Devletimizin imkânları ölçüsünde, çiftçinin ekip biçtiği mahsulün
hakkını veren, köylümüzü yol, su ve diğer altyapı
hizmetlerine kavuşturan, işçinin, memurun alın terini
karşılıksız bırakmayan, emeklinin geçimini ön planda
tutan, öğrencinin eğitim, barınma, yiyecek
ihtiyaçlarını karşılayan, özürlü ve bakıma muhtaç
vatandaşlarımıza destek olan
anlayışımızı, perspektifimizi muhafaza ediyoruz.
Ülkemizin dört
bir tarafına ihtiyaç duyduğu yatırımları götürüyor,
reel kesimi destekliyor, bilime, araştırmaya-geliştirmeye yine
önemli pay ayırıyor, mahallî idarelerimize destek oluyoruz ama bunu
göremeyenler yok mu? Var. Gözü var ama göremiyor. Burada tabii ki bizim bir
şey söyleyecek hâlimiz de yok. Türkiye'nin seksen bir vilayetinde
altyapı yatırımlarından tutunuz, üstyapı
yatırımlarına varıncaya kadar bu yatırımları
çok açık, net görmek isteyen aslında görüyor ama burada, gelip de
bunu söyleyemiyor; kapalı kapılar arkasında bunu söylüyor ama
burada söyleyemiyor. Milletim bunu çok iyi biliyor ve zaten 29 Mart bunun
aynı zamanda bileşkesi olacaktır. Bunu da çok açık, net
orada göreceğiz.
Önceki
bütçelerimizde olduğu gibi, 2009 bütçemizde de ekonomik kalkınmaya
odaklanmış, bireysel ve toplumsal refahı gözeten, sosyal yönü
güçlü bir bütçeyi Türkiyeye kazandırıyoruz. Esasen, gerek önceki
altı bütçemizde gerek altı yıllık
İktidarımız boyunca yaptığımız budur.
Değerli
arkadaşlar, biz, Türkiyeye inandık, Türkiye'nin potansiyeline
inandık, Türkiye'nin zenginliklerine, dinamik iş gücüne,
girişimci ruhuna inandık, Kaynak Türkiyedir dedik ve Türkiye'nin
kaynaklarını yine Türkiye için aktif hâle getirdik. Geçmiş
dönemin geri kalmışlığını, krizlerini
vurgulayarak değil, daha iyiye, daha güzele ulaşmayı
vurgulayarak yolumuza devam ettik. Elde ettiğimiz her
başarıyı kriz sonrası toparlanma olarak değerlendirenler,
ülkemizin, Hükûmetimizin başarılarını şansa, tesadüfe
havale edenler oldu. Bugün de bunu burada, az önce dinledik. Milletin
sevincini, milletin başarısını, milletin umudunu karartmaya
çalışanlar, başarılarımıza kulp takanlar oldu
ancak altı yıllık performansımız ortaya koydu ki
hiçbir başarı tesadüfi değildir. Altı yılda
ulaştığımız tarihî başarıların,
kırılan rekorların, sesiz devrim olarak nitelenen
dönüşümün arkasında büyük bir hazırlık vardır, ciddi
bir çalışma vardır, vizyon vardır, azim ve
kararlılık vardır, aşk vardır, cesaret vardır.

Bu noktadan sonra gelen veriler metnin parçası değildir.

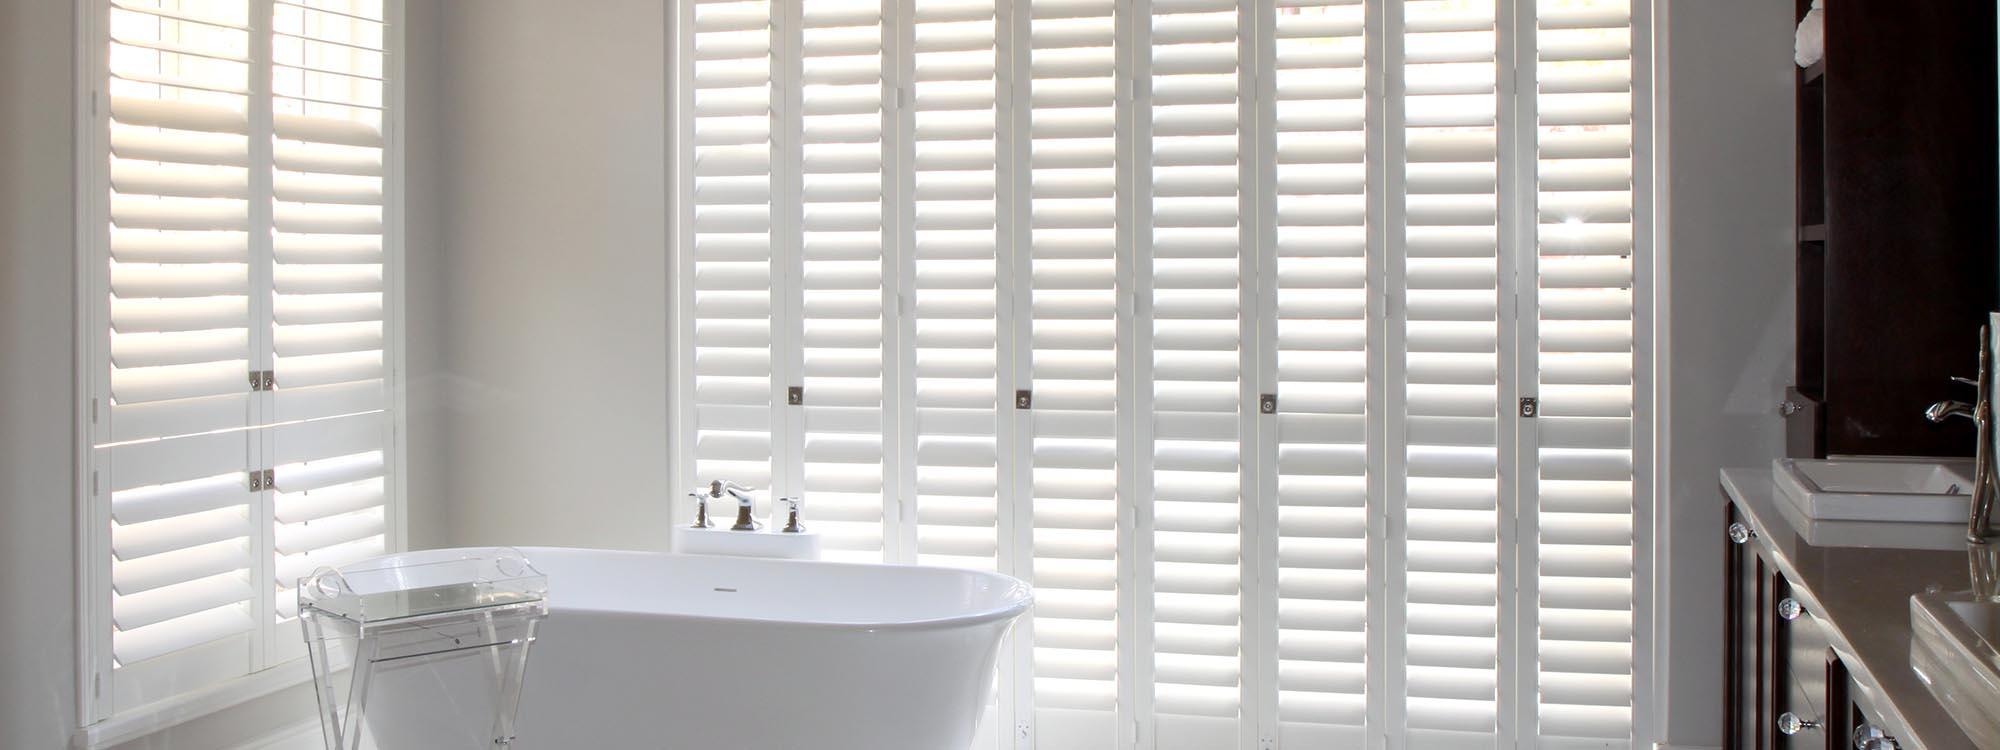 Decowood-shutters-bathroom-white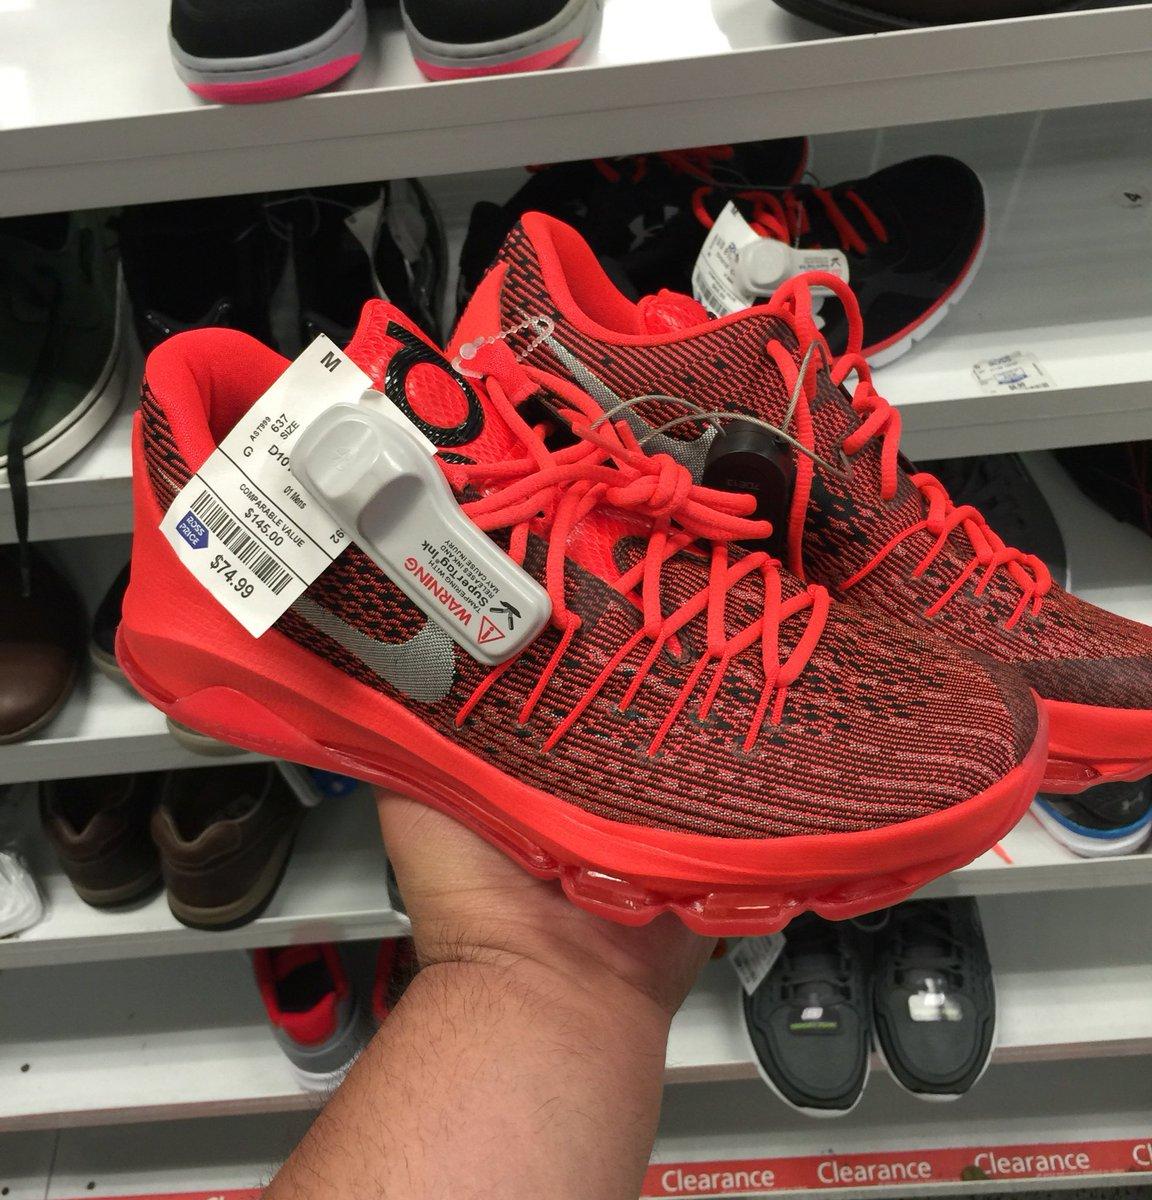 Nike Kd 8 74 99 Via Ross Brandon Fl Kotd Sneaker Twitter Com Pqpz4az7ui

Türkiyeyi muasır medeniyetler seviyesinin üzerine
çıkaracağız. dedik, Türkiye'nin makûs talihini
kıracağız. dedik, On yıllar boyunca üst üste
birikmiş kronik meseleleri tek tek çözeceğiz. dedik, Cumhuriyetimizin
100üncü kuruluş yıl dönümünde, 2023te Türkiyeyi dünyanın en
büyük ilk on ekonomisi arasında görmek istiyoruz, göreceğiz. dedik
ve tüm hedeflerimizi gerçekleştirmek için azimle, kararlılıkla,
cesaretle, samimiyetle çalıştık ve çalışmaya devam
ediyoruz.
Şu son
altı yılda Türkiye'nin en büyük kazancı -buranın özellikle
altını çiziyorum- başarabileceğine inanması
olmuştur. Türkiye'nin, milletimizin öz güveni yeniden tesis edildiği
için bu heyecanı, bu girişimci ruhu yakalamıştır.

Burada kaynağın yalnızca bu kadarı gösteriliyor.